The contents of the coalition’s grand bargain on growth will become clearer this week. On Monday, Michael Fallon will announce plans to scrap half of all existing regulation, and then later in the week Vince Cable will detail the changes the coalition will make to employment law. This combined with the planning reforms announced last week and the expected initiative on mini-jobs is the Tory supply side of the bargain.
But there’s also an interventionist Liberal Democrat side to it, with the coalition announcing this week that it is adopting an industrial strategy. This is something that Vince Cable and his Tory deputy David Willetts have been pushing for over the last year or so. Cable also looks to set to get his way on a small business bank; there’s growing optimism among Liberal Democrats that that they’ll be able to announce it at their conference in a fortnight’s time.

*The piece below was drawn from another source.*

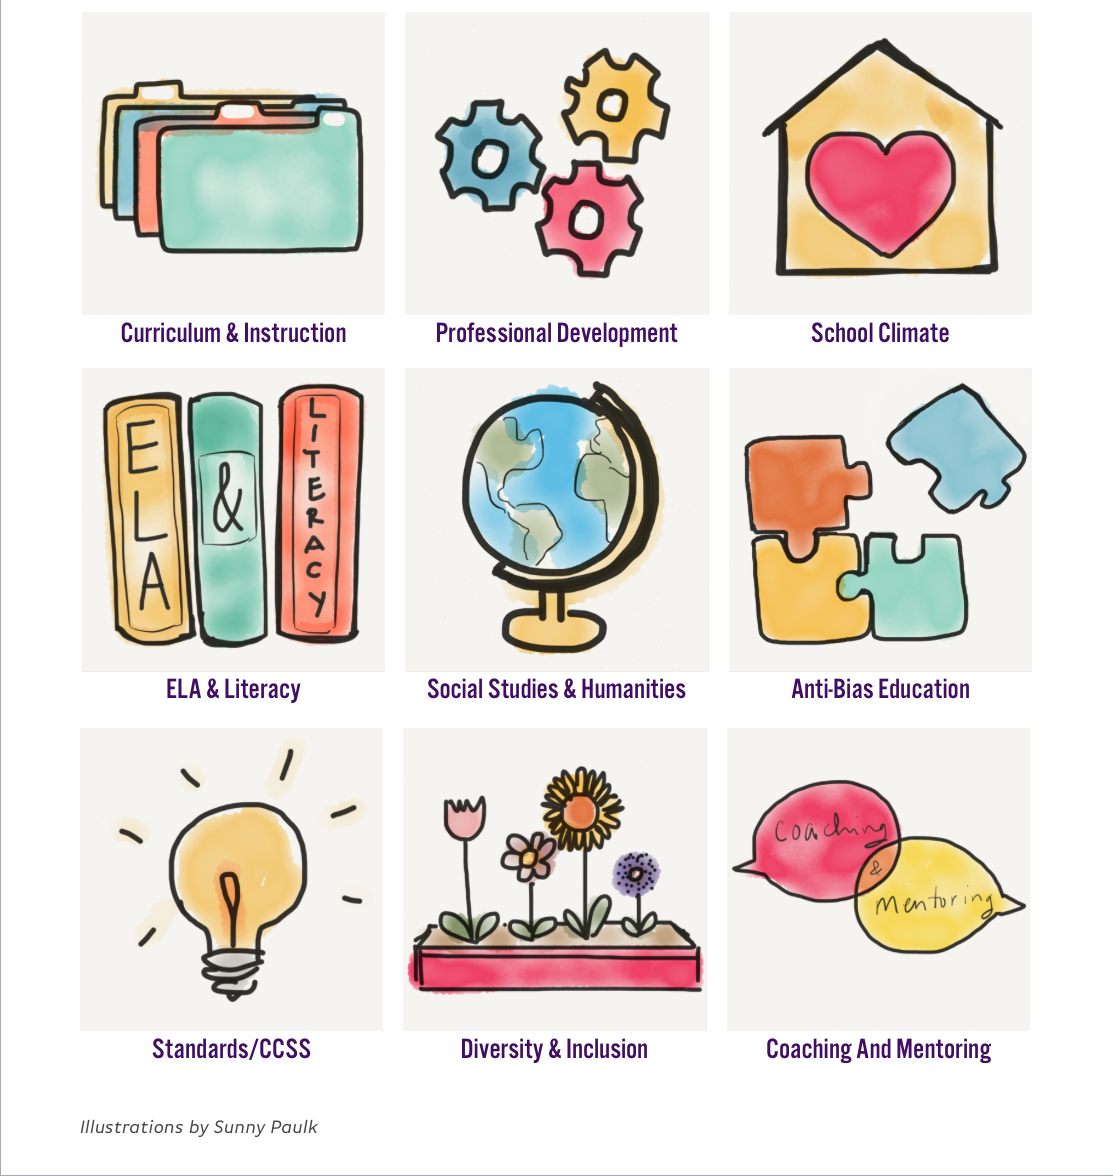 Chiariello Consulting website bucket illustrations, 2015.

This is all in stark contrast to a few months ago when the two sides of the coalition were blocking each other’s growth policies. I’m told that the continuing recession has broken this log jam, as one minister puts it ‘they’ve been spooked into action.’
How much difference these policies make remains to be seen. But the coalition is in a better place on growth than it has been for some time. It, at least, has some sort of strategy now.
At the top of government, they believe that the next set of GDP figures will show that Britain is out of recession. They hope that this will give their drive for growth some momentum and help turn the political tide. If they’re right, then the political pressures on the coalition will begin to ease. But if they are wrong, these pressures will become far more acute.